▶ What you should do: Could you copy exactly the lines below, beginning at the line with "Mothers Day Cartoon" and stopping after the line with "Full Field Linen", with no pictures?

▶ Exercise input:

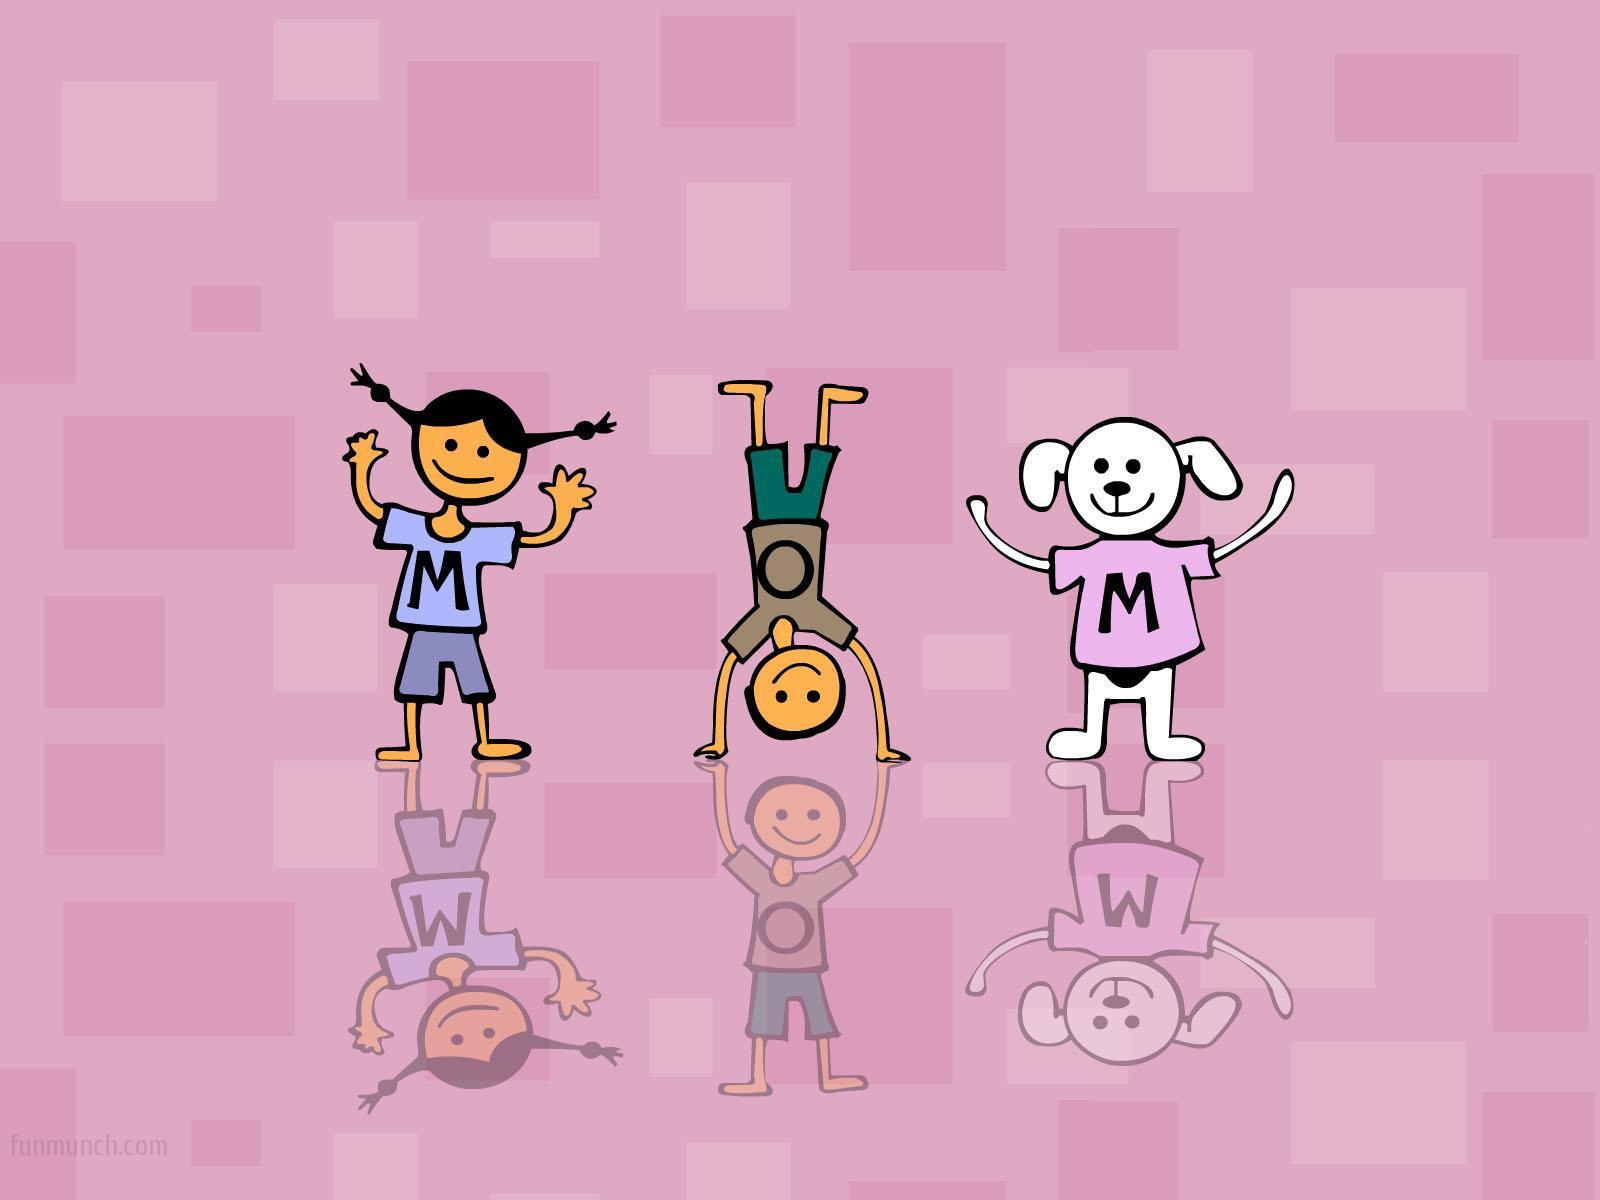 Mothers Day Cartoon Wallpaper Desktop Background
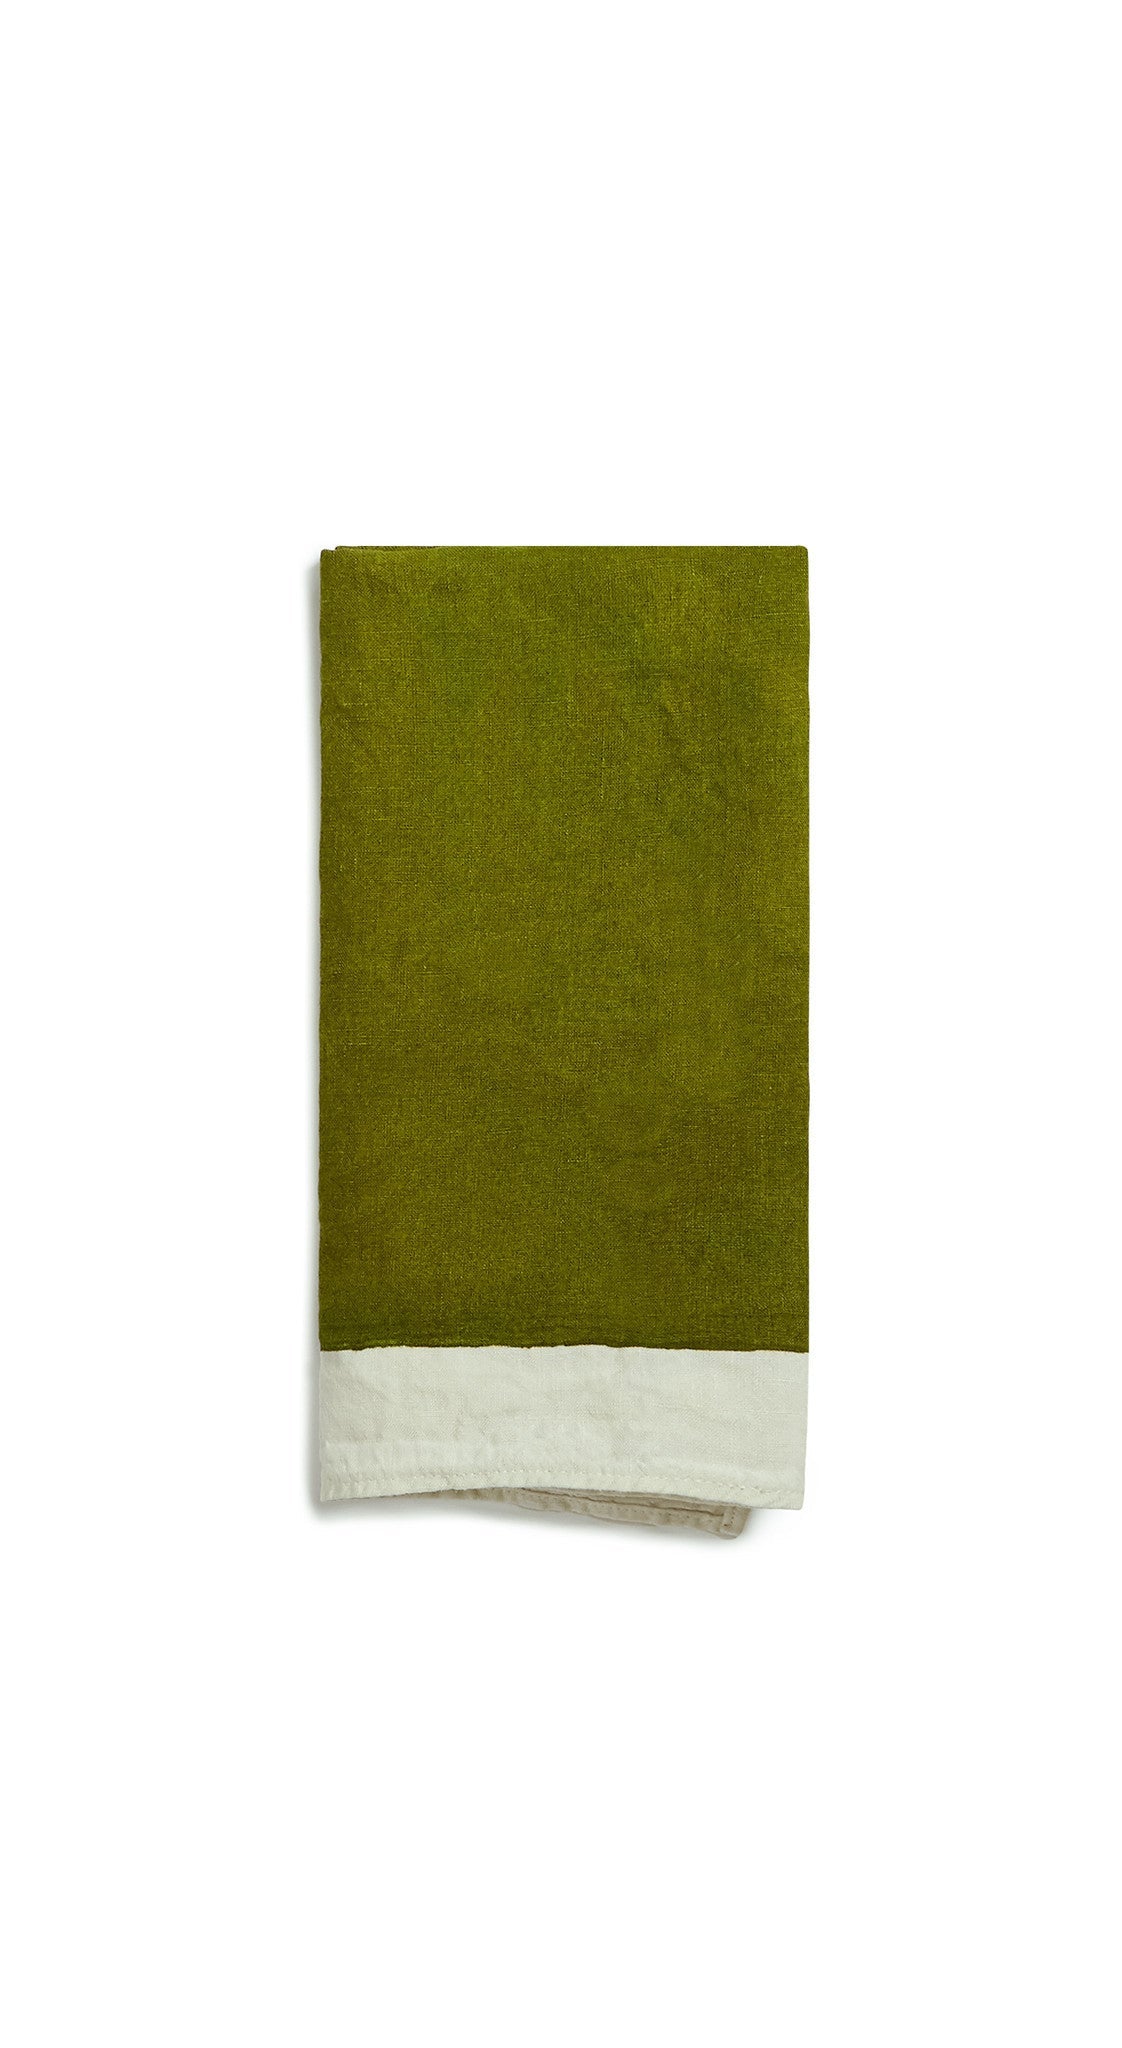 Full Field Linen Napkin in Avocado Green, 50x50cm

==

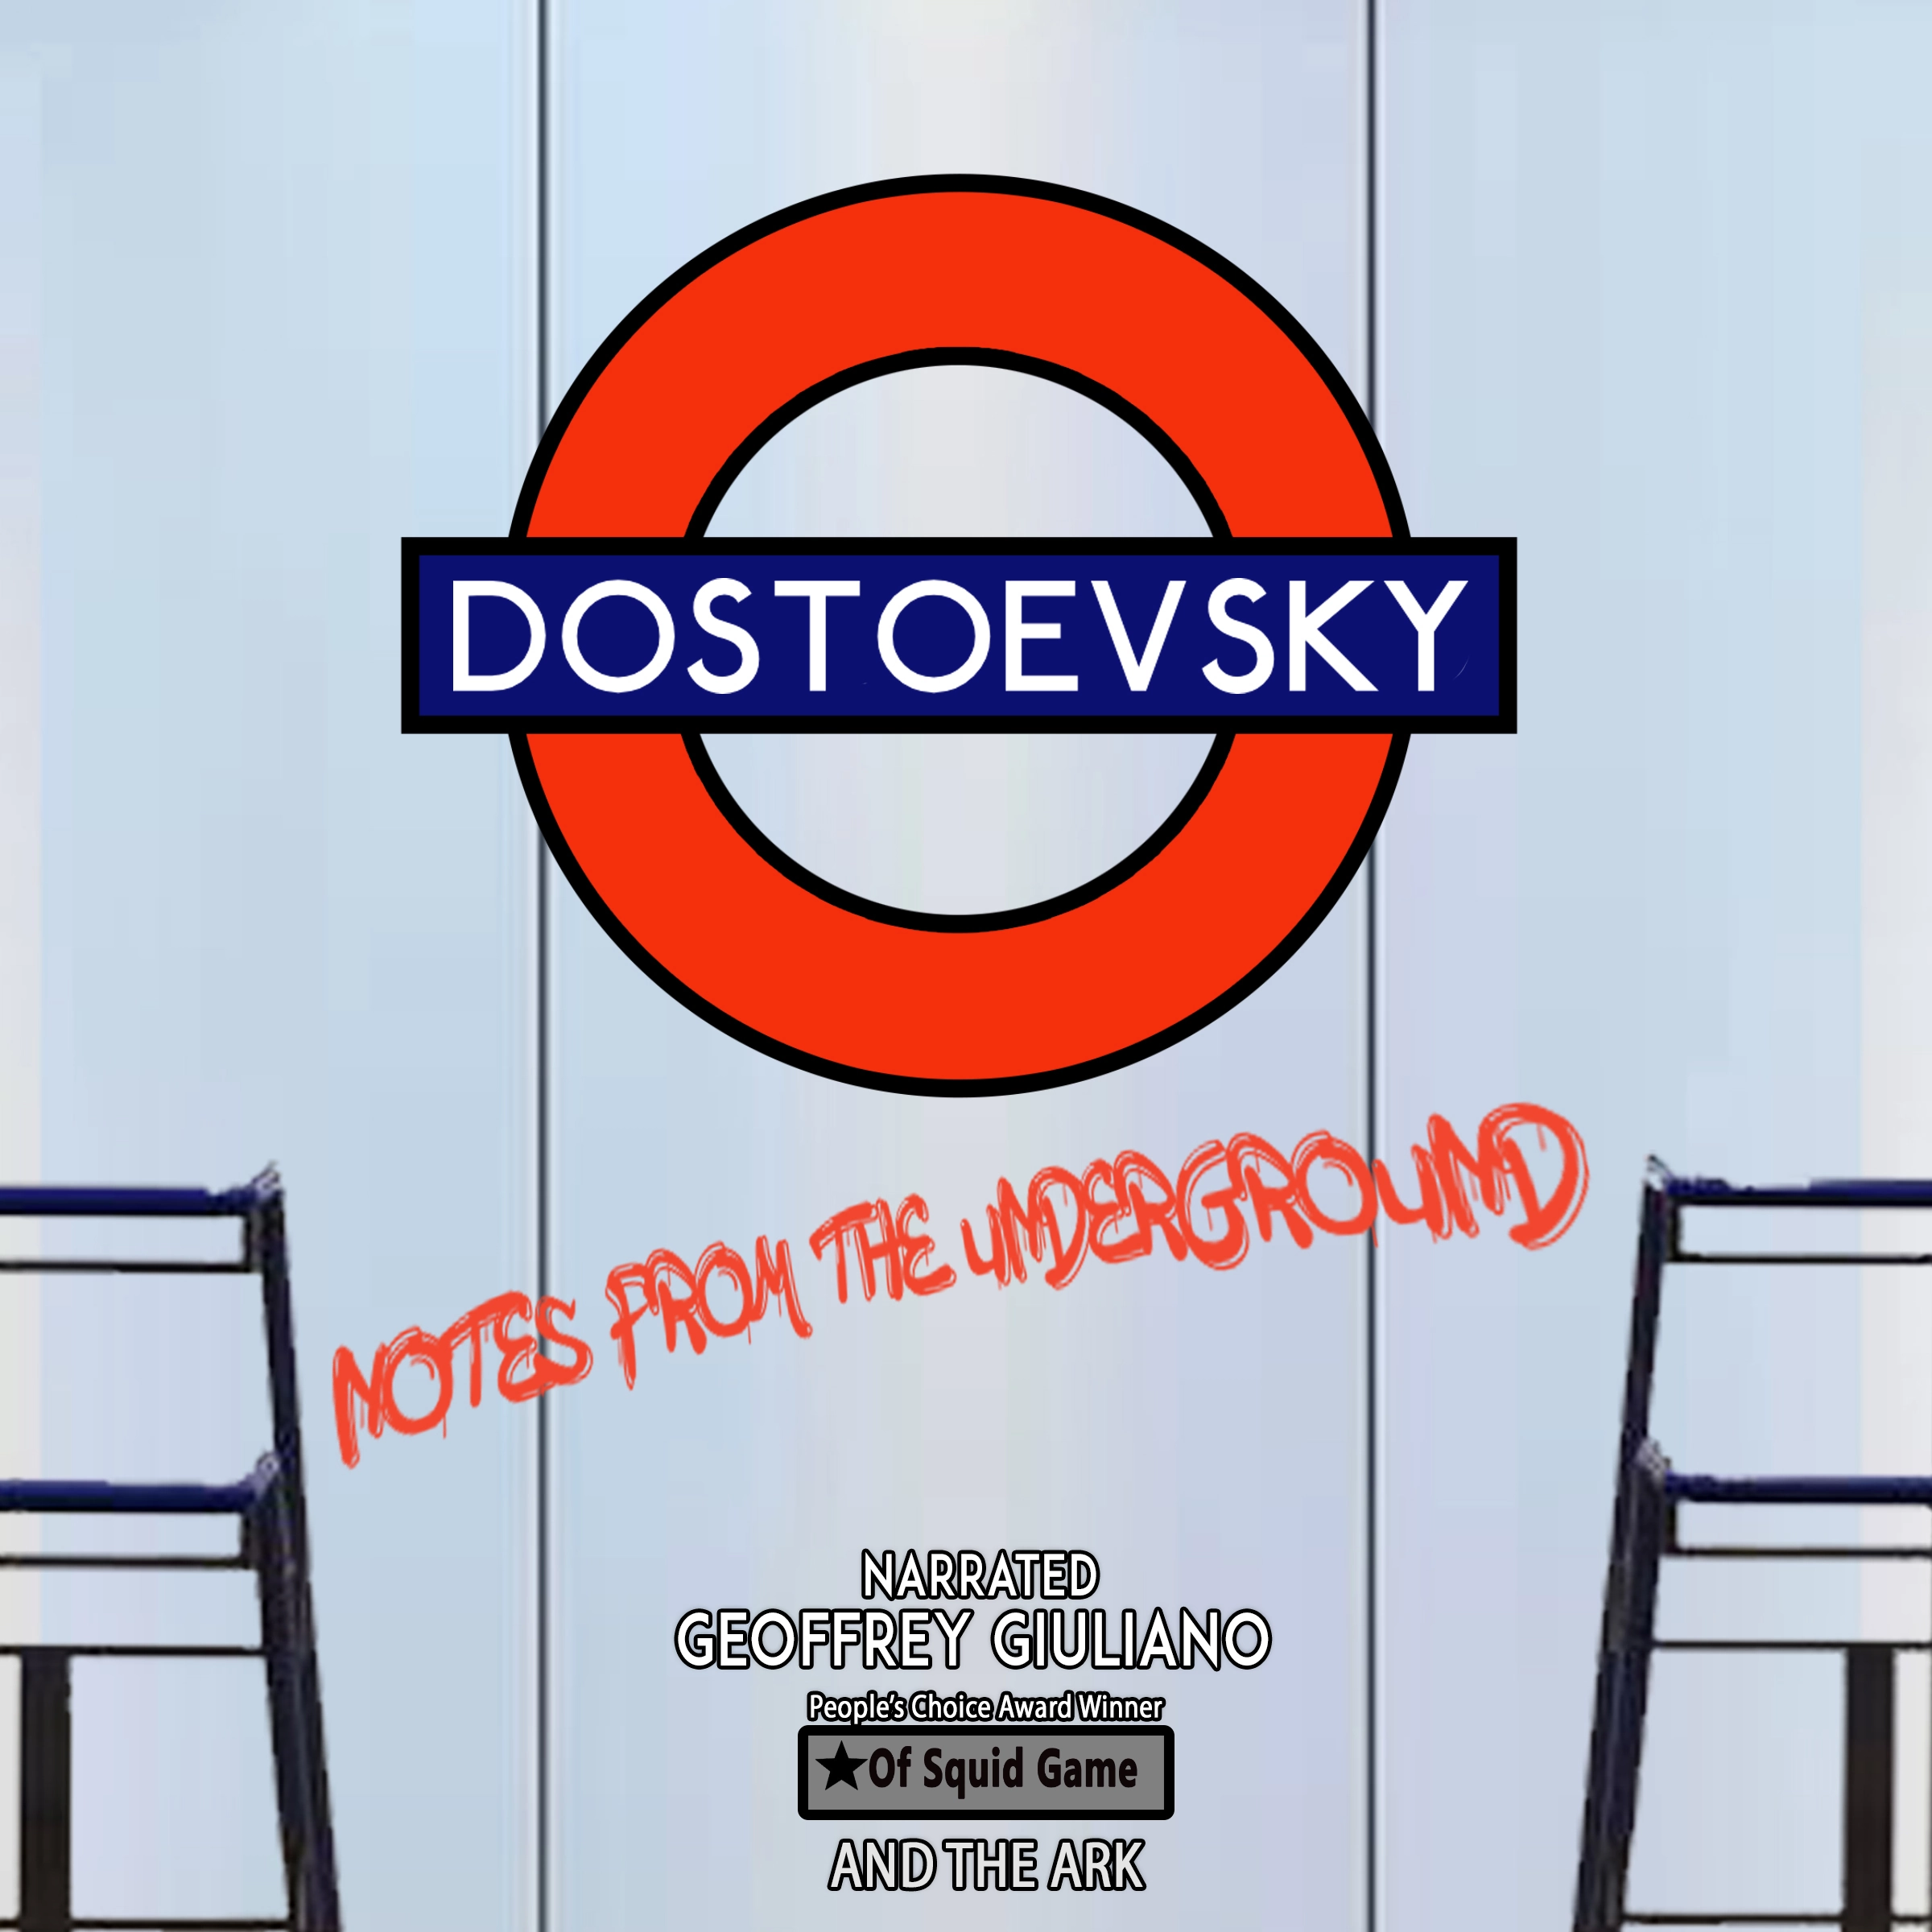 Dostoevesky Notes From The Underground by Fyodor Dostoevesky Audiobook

▶ Exercise result:
 Mothers Day Cartoon Wallpaper Desktop Background
 Full Field Linen Napkin in Avocado Green, 50x50cm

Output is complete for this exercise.